It recently occurred to me that in the almost 4 years of this blog’s existence very little has been said about the Schwartz Communication Institute’s most ambitious and potentially most promising project, our Video Oral Communication Assessment Tool, or VOCAT. I have presented on VOCAT a number of times over the years (most recently at the 2009 Computers and Writing conference in June), but have not yet written about it here. So it’s high time to remedy that.
VOCAT is a teaching and assessment web application. It is the fruit of a collaboration between the Schwartz Institute and mad genius code-poets at Cast Iron Coding, Zach Davis and Lucas Thurston. It is still very much in development (perpetually so) but is already in use in introductory speech communication and theater courses as well as a number of assessment projects. Our career center used it effectively a few semesters ago as well. To date, approximately 3200 Baruch students have used the tool.

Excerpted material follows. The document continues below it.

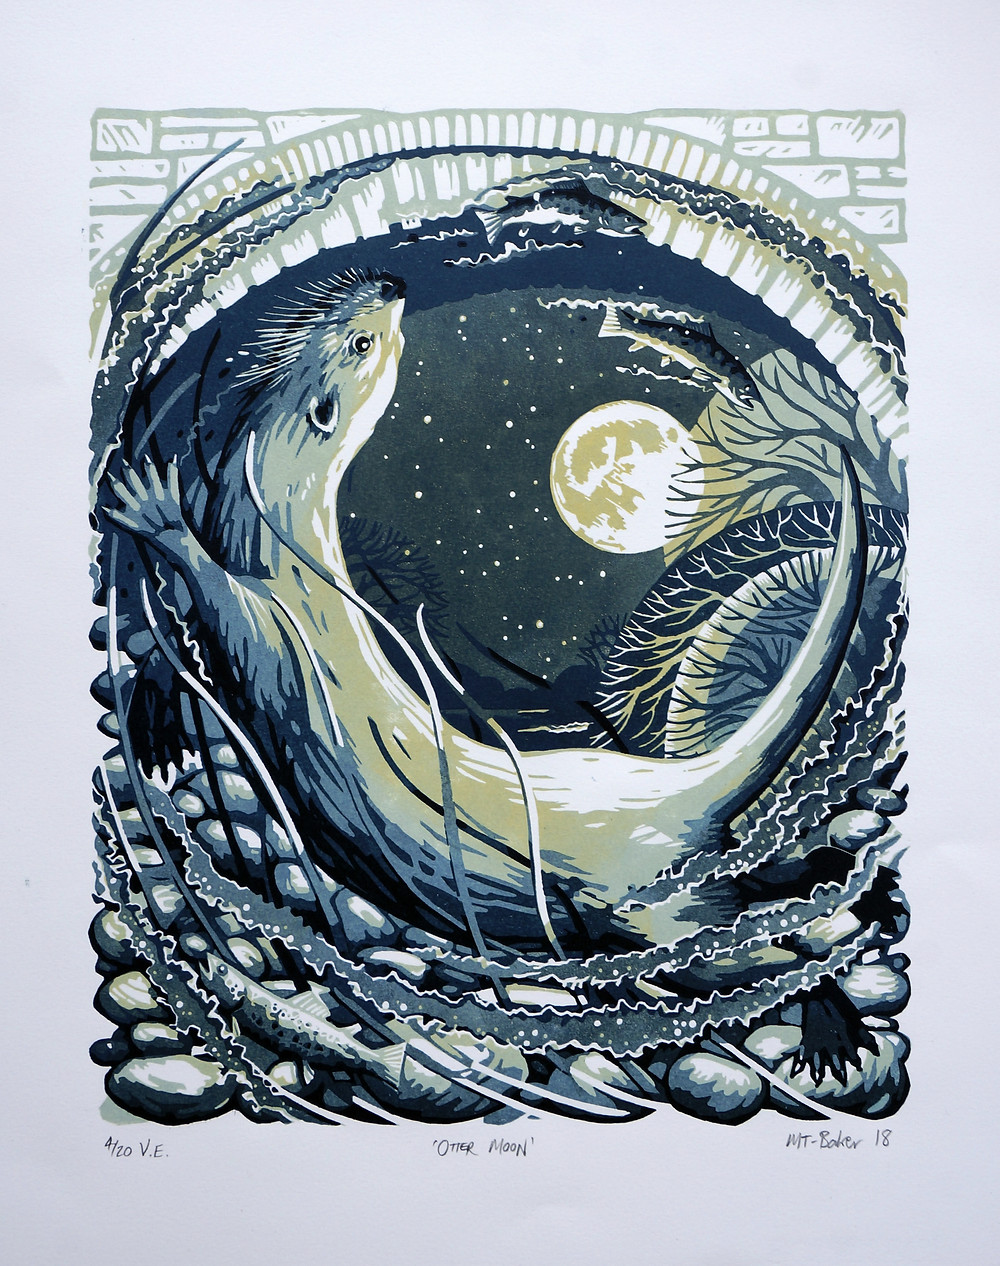 Otter Moon, linocut.

VOCAT was developed in recognition of the principle that careful, guided review of video recordings of their oral presentations (or of any performance, for that matter) can be remarkably effective for aiding students in becoming confident, purposeful and effective speakers. It serves as a means for instructors to easily provide feedback on student presentations. It enables students to access videos of their performances as well as instructor feedback and to respond to both. It likewise aggregates recorded presentations and instructor feedback for each user and offers an informative snapshot of a student’s work and progress over the course of a given term or even an entire academic career. Presentations can be scored live, as students perform, or asynchronously once the videos have been uploaded. (Our turnaround time at this stage is between one and seven days depending on how many sections are using the tool at once — once some of the key steps happen server-side, turnaround time will not be as much of a concern.) Built on the open source TYPO3 content management system, it is a flexible, extensible and scalable web application that can be used at once as a teaching tool and as a means of data collection for research or other assessment purposes. (Screenshots are available here. I am also happy to share demo login info with anyone who would like to take a look — please email me at mikhail [dot] gershovich [at] baruch [dot] cuny [dot] edu.)
While VOCAT is quite feature-rich at this early stage, especially when it comes to reporting, data export, and rubric creation, we are always thinking about ways in which the tool can be made more robust and flexible. Currently, we are playing around with adding a group manager feature for group presentations, tagging for non-numeric assessment, moving from QT to Flash video, video annotation, as well as server-side video processing and in-line video and audio recording. We are also considering allowing users to choose to enable social functionality to take advantage of web 2.0 tools for sharing and commenting on one another’s work. And since, at its core, VOCAT is a tool for aggregating and responding to anything that can be uploaded, we’re thinking about other uses to which it could be put. It could easily, for example, be adapted for writing assessment. And someone once suggested that it could be useful for teaching bedside manner for medical students. Adapting VOCAT for these purposes is hardly a big deal.
The platform on which VOCAT is built is open source but the tool itself is not yet open. Right now, it is Baruch’s alone. Whether it should stay that way is a question much discussed around here. Here at the Institute we face several critical issues around open education, not the least of which is conflicting views on student access of Blogs@Baruch. In regards to VOCAT, however, the one thing constantly on my mind is the tension between an internal drive to share the tool as an open-source web application and build a community around it (there are no shortage of interested parties) and the pressures (or maybe a pernicious institutional common sense) that seem to compel us to keep VOCAT proprietary and use it to generate as much revenue as possible. I have heard arguments that VOCAT should be Baruch’s alone — that we should charge for its use and seek private funding for its deployment and development. This is a business school, after all, and I’m sure promoting and marketing VOCAT could be an interesting project for an upper division Marketing course.
Yet, I am inclined to believe that VOCAT should be shared freely and widely with other institutions and that other developers should be encouraged to develop for it. A great many more students would benefit and development would certainly be accelerated as more and more schools add features they need that could then be adopted for use here. Were VOCAT open, in other words, it would evolve quickly and probably in ways we haven’t even imagined. And that is very exiting.
In the coming months, I hope to continue to present on VOCAT and to gain insights into the roles it can play in communication intensive courses or in a communication-focused curriculum of any sort. More importantly, I would like to move towards opening it up and will work with our developers on the features and functionality that facilitate sharing. I hope also to draw upon the tremendous expertise of my friends and colleagues involved in the open education movement and learn from those who have worked with and developed various open source tools for teaching and learning. Listening to others’ ideas for VOCAT has been invaluable to thinking through what this web app could ostensibly do with the right sort of development. could be and how to best realize its full potential as a teaching tool — both in terms of deployment, training, and development.